I was questioning whether switching from a clustered index on an Identity to a clustered index on non-sequential keys would affect performance of large data imports.
thanks
November 18, 2011 at 8:53 am
Daryl AZ (11/18/2011)
I understand the value of a clustered index.I was questioning whether switching from a clustered index on an Identity to a clustered index on non-sequential keys would affect performance of large data imports.
thanks
Misunderstood.
Test it is the only way to be sure.
But, yeah, it could. Instead of staking all new data at the end of the pages and constantly adding pages there, which is what happens with an identity column, you'll be putting data wherever it belongs and possibly dealing with more page splitting than before.

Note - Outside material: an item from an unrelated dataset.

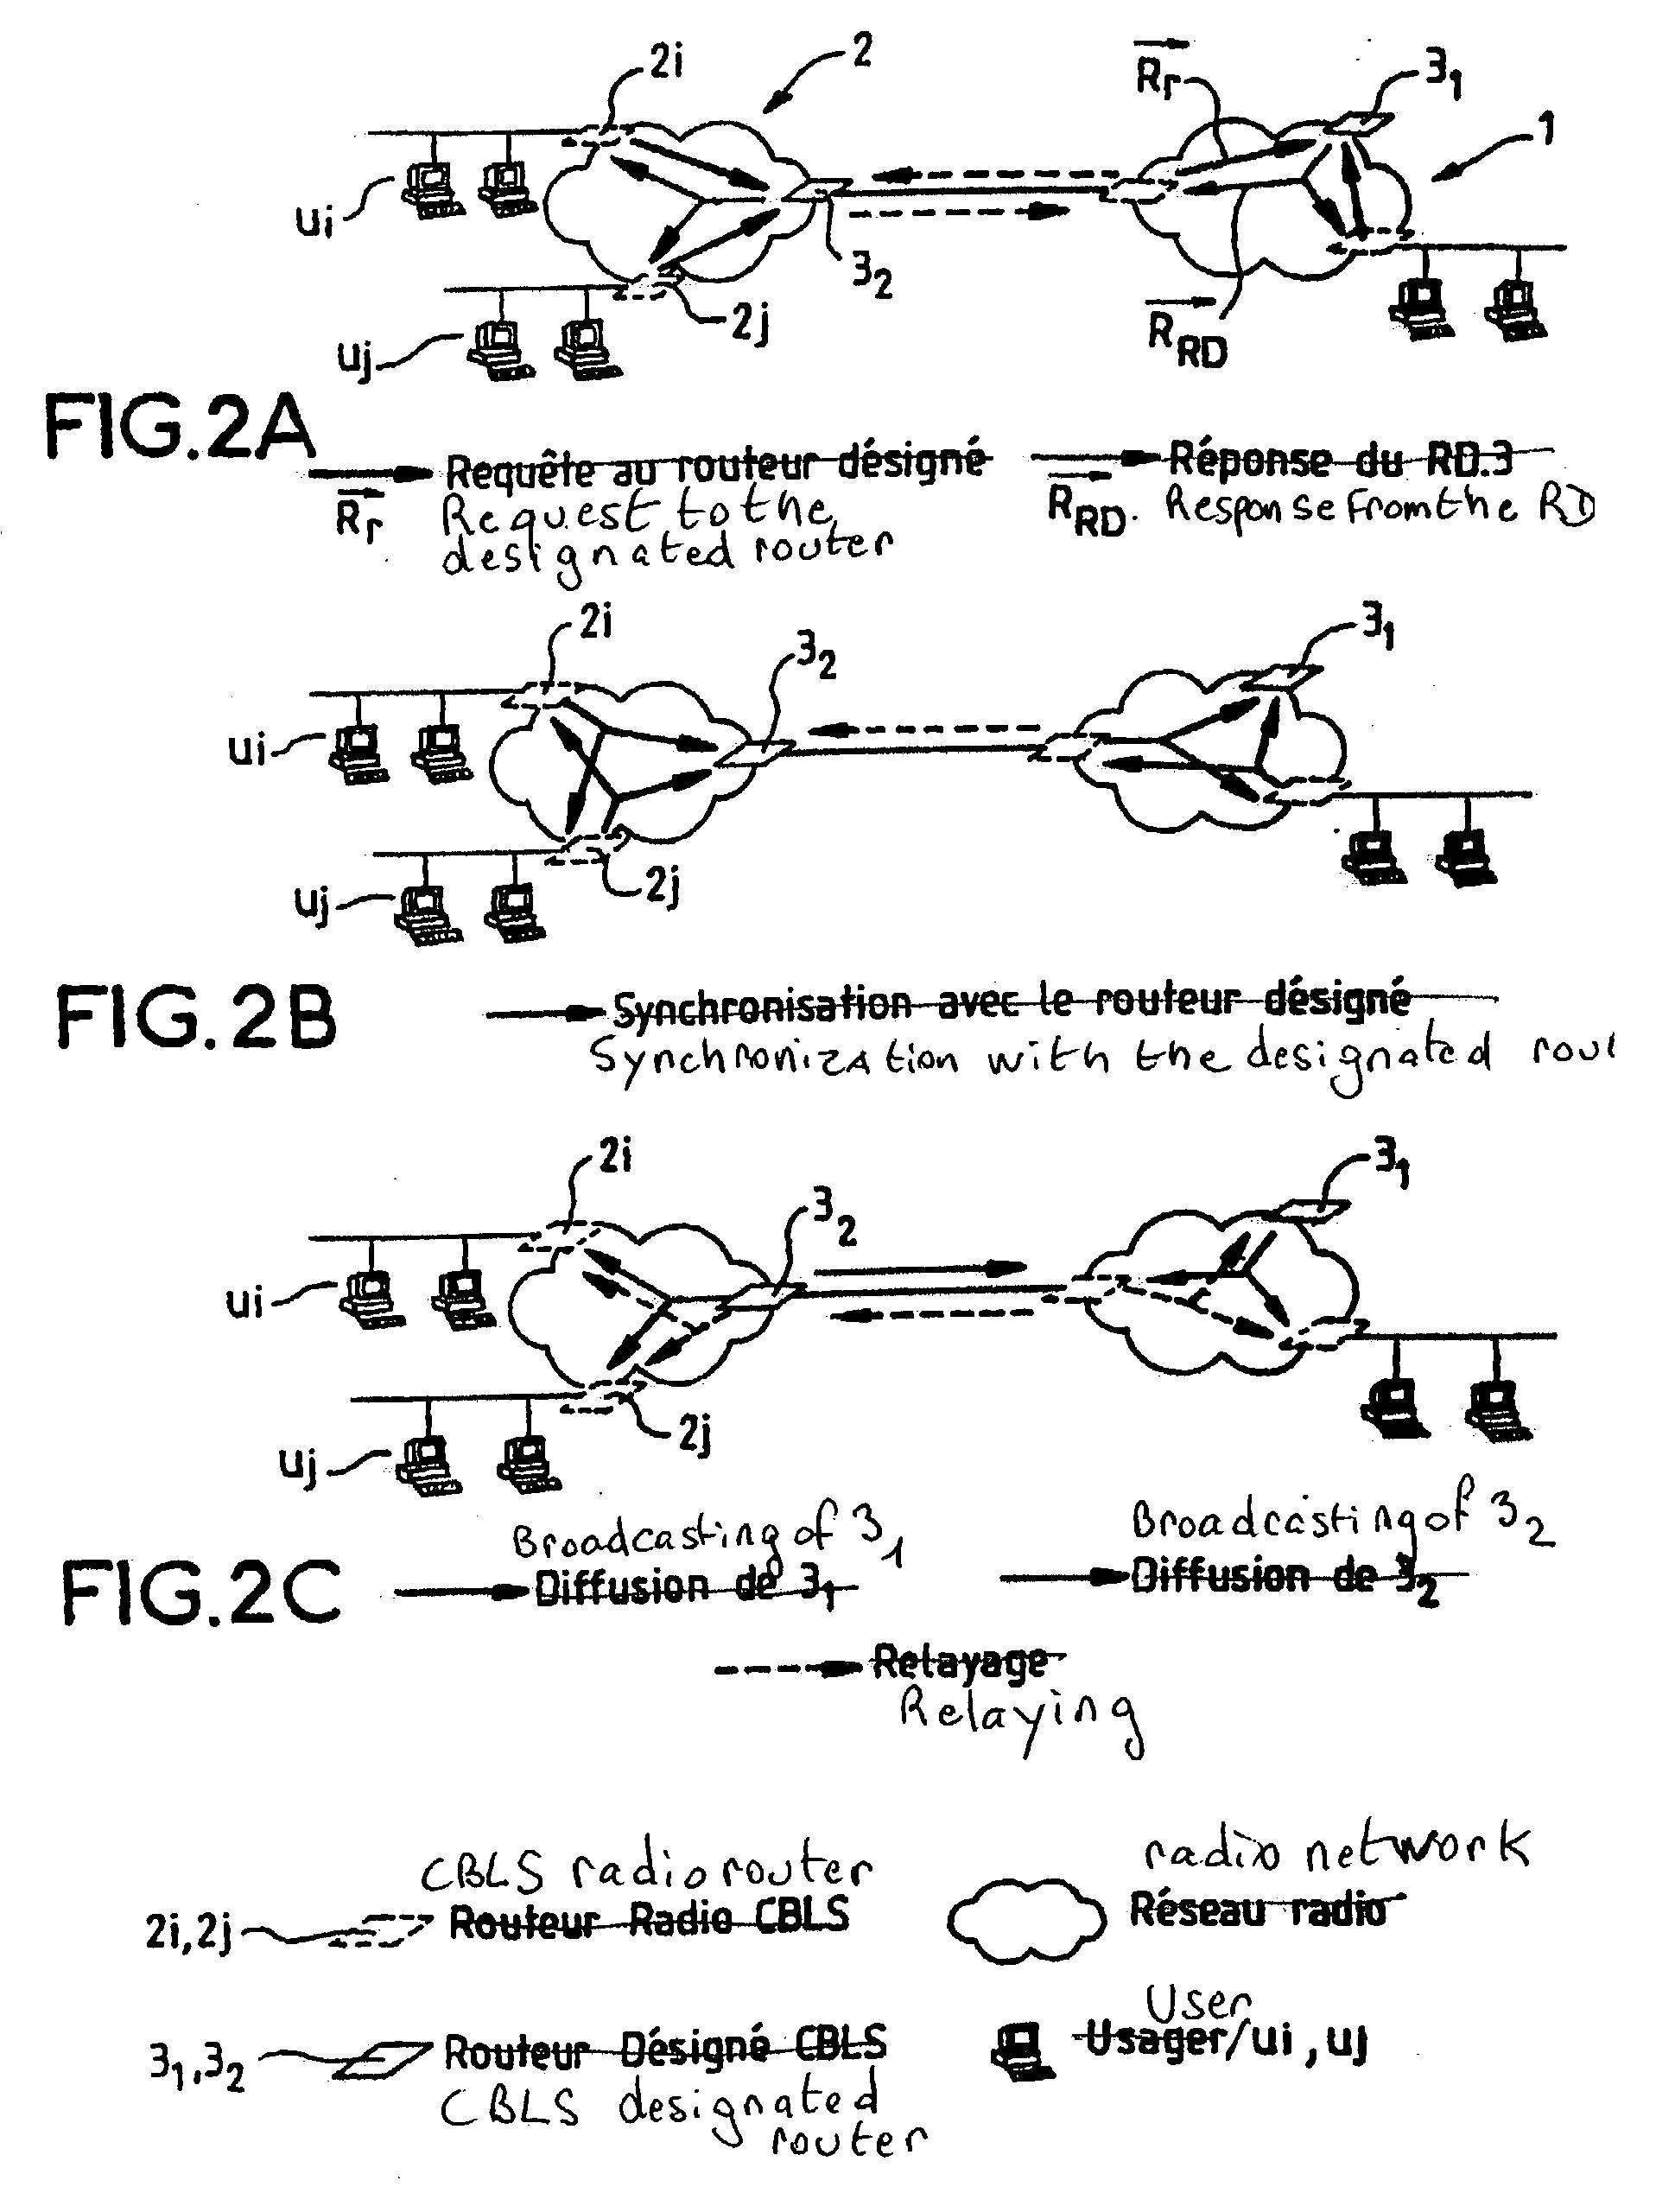 Method for adapting the OSPF routing protocol to radio networks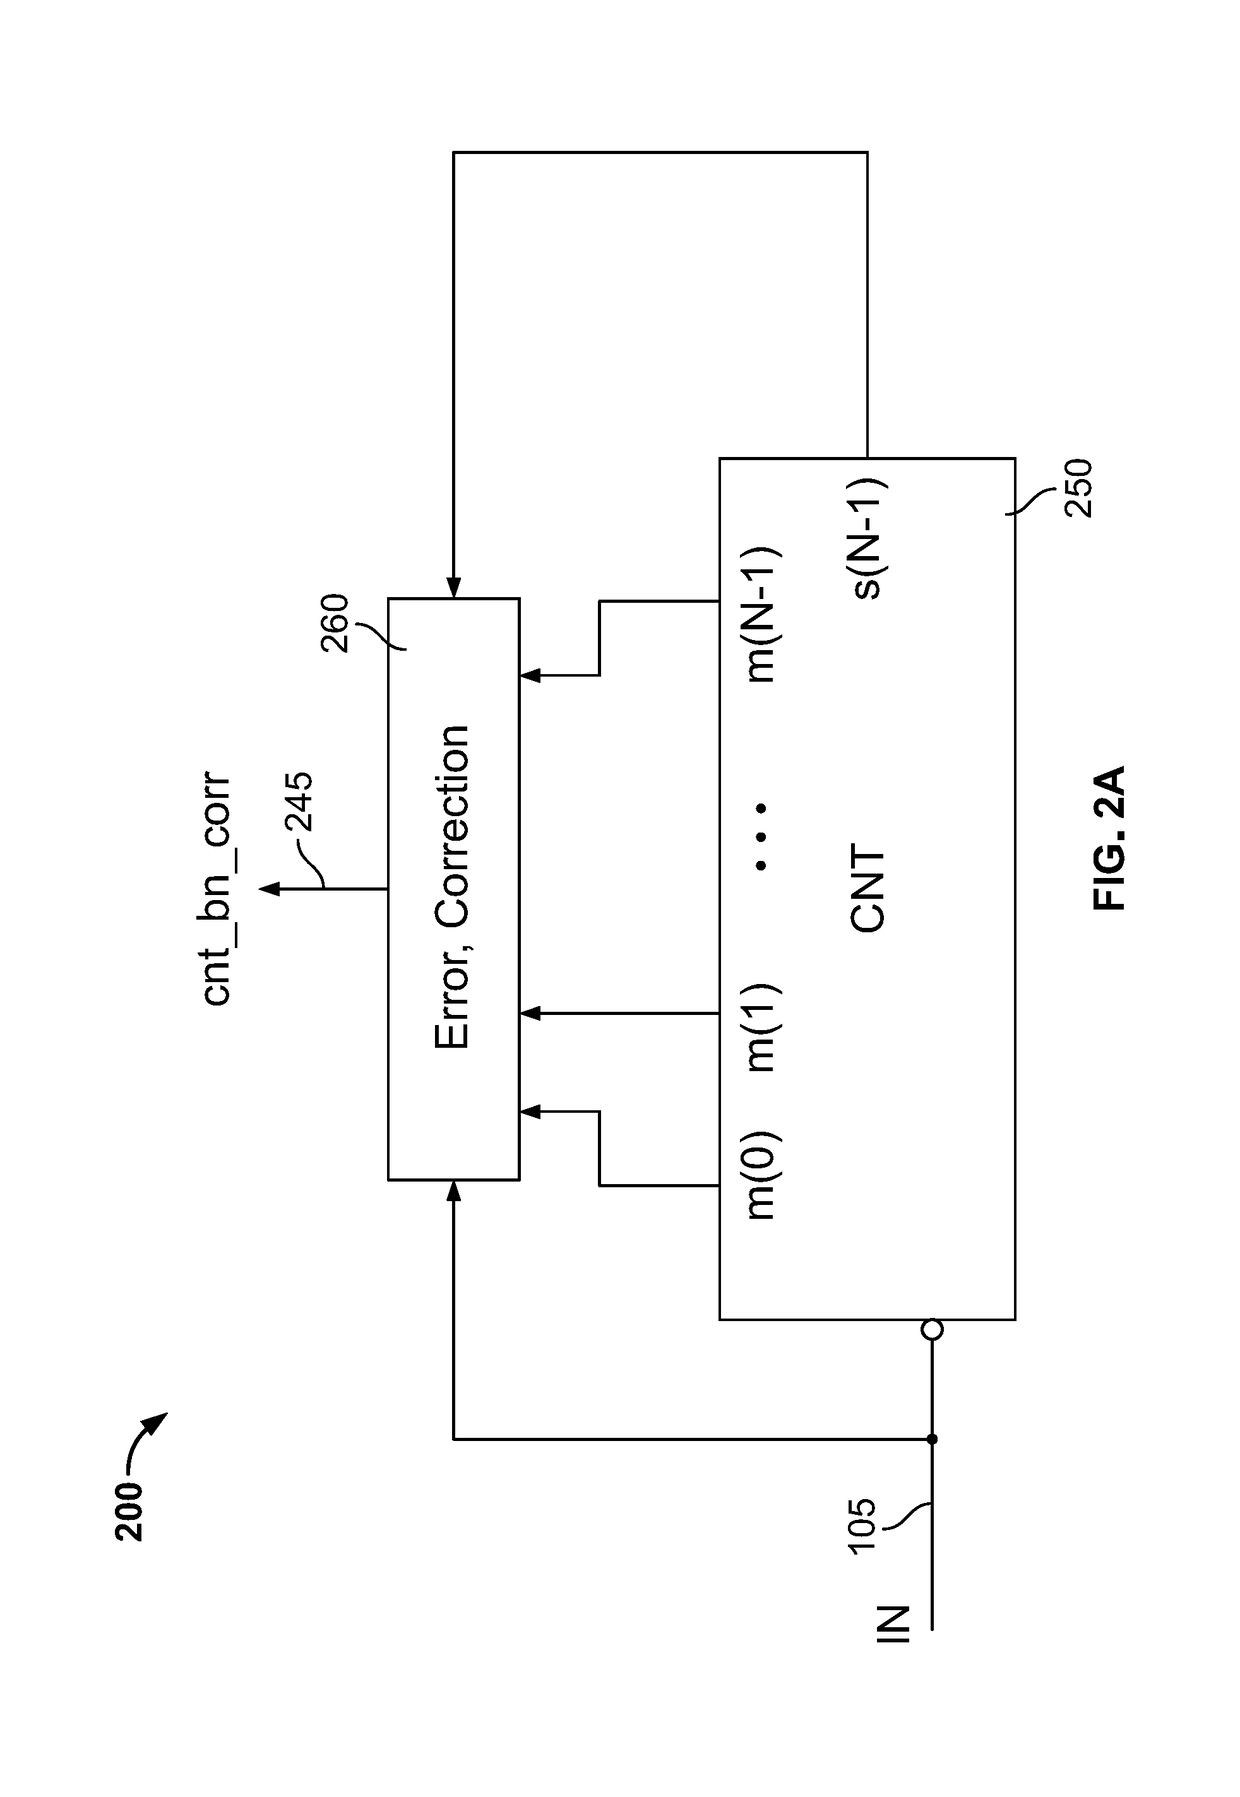 Systems and methods for gray coding based error correction in an asynchronous counter

That will negatively affect the process. How much? Back to testing again.
"The credit belongs to the man who is actually in the arena, whose face is marred by dust and sweat and blood"
- Theodore Roosevelt
Author of:
SQL Server Execution Plans
SQL Server Query Performance Tuning
November 18, 2011 at 9:11 am
It may well do. Depends how you're inserting. One batch, probably not. Multiple batches, likely yes because of the increased page splits. Test and see.
Also remember that the clustering key is in every single nonclustered index, so your nonclusters are now going to be bigger.
Gail Shaw
Microsoft Certified Master: SQL Server, MVP, M.Sc (Comp Sci)
SQL In The Wild: Discussions on DB performance with occasional diversions into recoverability
November 18, 2011 at 9:16 am
That was my thought direction also.
One idea
During the insert since the non-clustered index (includes) is also being created/populated, swapping out the PKEY index would be removing overhead and would be less overhead on the insert.
If that is true the change would be more efficient all around.
Will repost if I can get my developer to add some time checkpoints for the different indexes.